Implementation Guide

Phase 1: Basic Infrastructure (Days 1-2)

Goal: Set up parser types and basic char parser.

// parser.h
typedef struct {
    bool success;
    char value;
    const char* remaining;
    const char* error;
} CharResult;

typedef CharResult (*CharParser)(const char*);

// parser.c
CharResult char_parser(char c, const char* input) {
    if (input == NULL || *input == '\0') {
        return (CharResult){
            .success = false,
            .error = "Unexpected end of input"
        };
    }

    if (*input == c) {
        return (CharResult){
            .success = true,
            .value = c,
            .remaining = input + 1
        };
    }

    return (CharResult){
        .success = false,
        .error = "Expected different character"
    };
}

Phase 2: Generic Parser Type (Days 3-4)

Goal: Make parsers work with any result type.

In C, this requires some creativity (void pointers or code generation).
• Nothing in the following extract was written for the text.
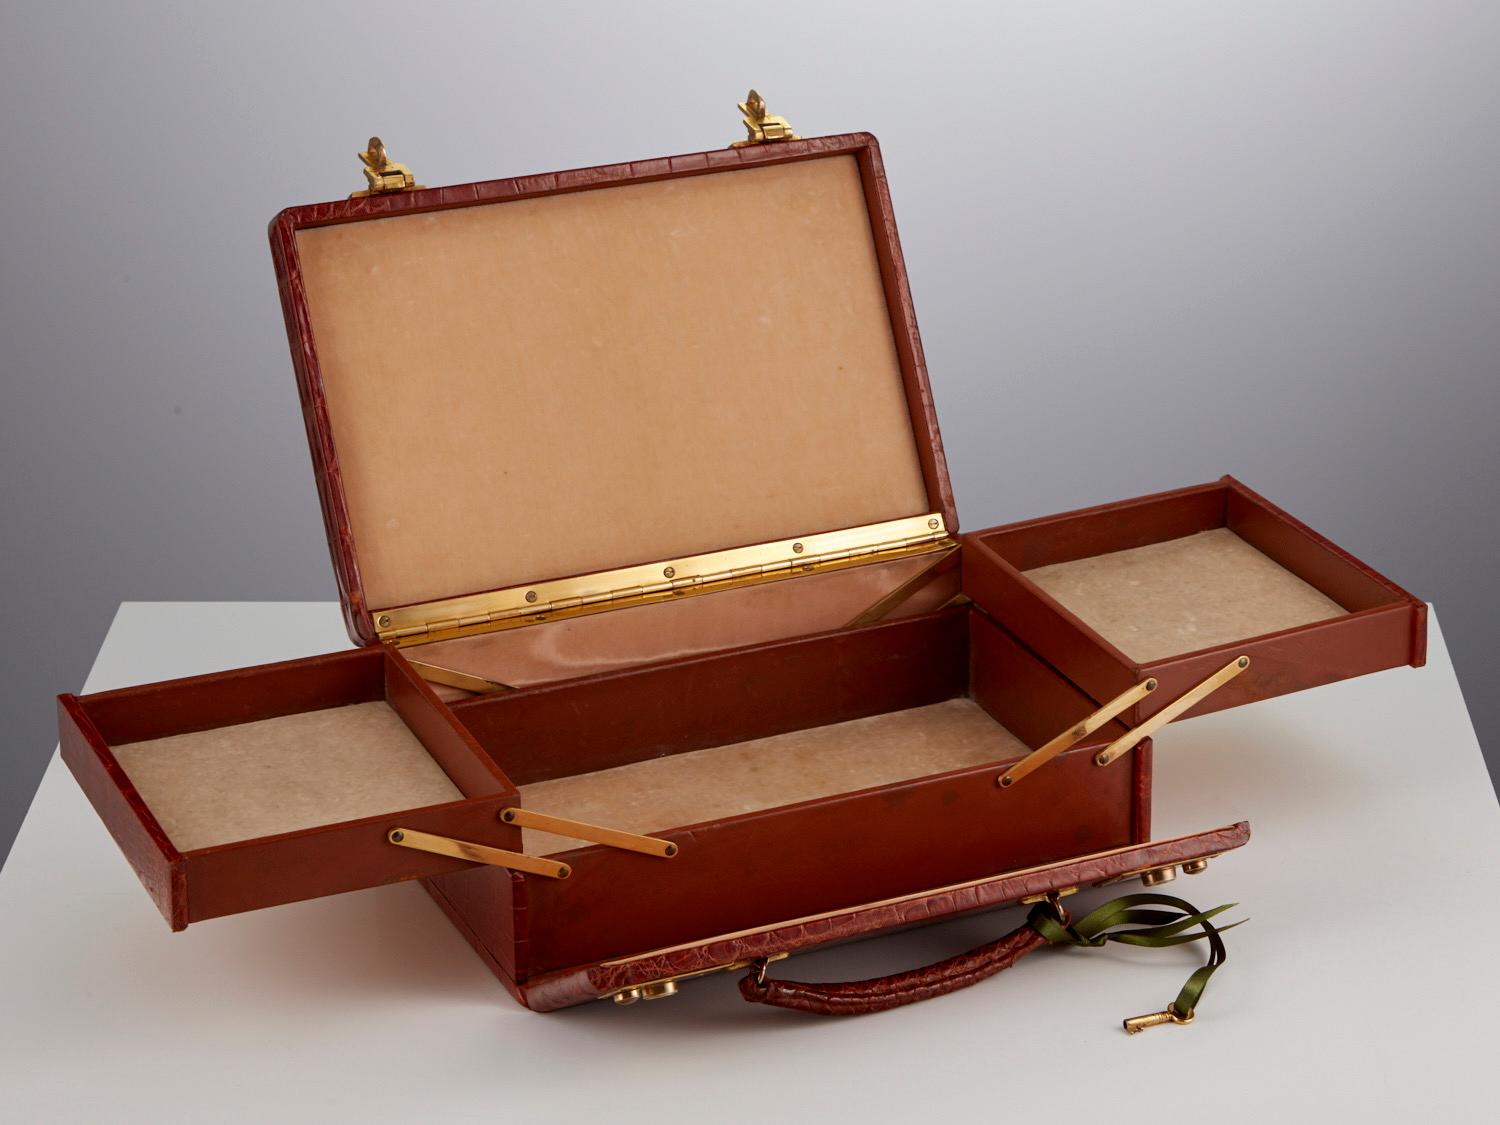 20th Century Antique Tan Crocodile Jewellery Box with Lift Tray Opening London Circa 1918-20 For Sale

A cleaner approach uses tagged unions:

typedef enum {
    VAL_CHAR,
    VAL_STRING,
    VAL_INT,
    VAL_FLOAT,
    VAL_LIST,
    VAL_PAIR,
} ValueType;

typedef struct Value {
    ValueType type;
    union {
        char char_val;
        char* string_val;
        int int_val;
        double float_val;
        struct { size_t len; struct Value* items; } list_val;
        struct { struct Value* first; struct Value* second; } pair_val;
    };
} Value;

typedef struct ParseResult {
    bool success;
    Value* value;
    const char* remaining;
    const char* error;
} ParseResult;

Phase 3: Sequence and Choice (Days 5-6)

Goal: Implement the fundamental combinators.
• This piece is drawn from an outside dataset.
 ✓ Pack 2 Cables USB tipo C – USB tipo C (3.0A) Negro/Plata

// Closure struct for sequence
typedef struct {
    Parser p1;
    Parser p2;
} SeqContext;

ParseResult seq_fn(const char* input, void* ctx) {
    SeqContext* c = (SeqContext*)ctx;

    ParseResult r1 = run_parser(c->p1, input);
    if (!r1.success) return r1;

    ParseResult r2 = run_parser(c->p2, r1.remaining);
    if (!r2.success) return r2;

    Value* pair = malloc(sizeof(Value));
    pair->type = VAL_PAIR;
    pair->pair_val.first = r1.value;
    pair->pair_val.second = r2.value;

    return (ParseResult){
        .success = true,
        .value = pair,
        .remaining = r2.remaining
    };
}

Parser seq(Parser p1, Parser p2) {
    SeqContext* ctx = malloc(sizeof(SeqContext));
    ctx->p1 = p1;
    ctx->p2 = p2;
    return (Parser){ .fn = seq_fn, .context = ctx };
}

Phase 4: Many and Map (Days 7-8)

Goal: Implement repetition and transformation.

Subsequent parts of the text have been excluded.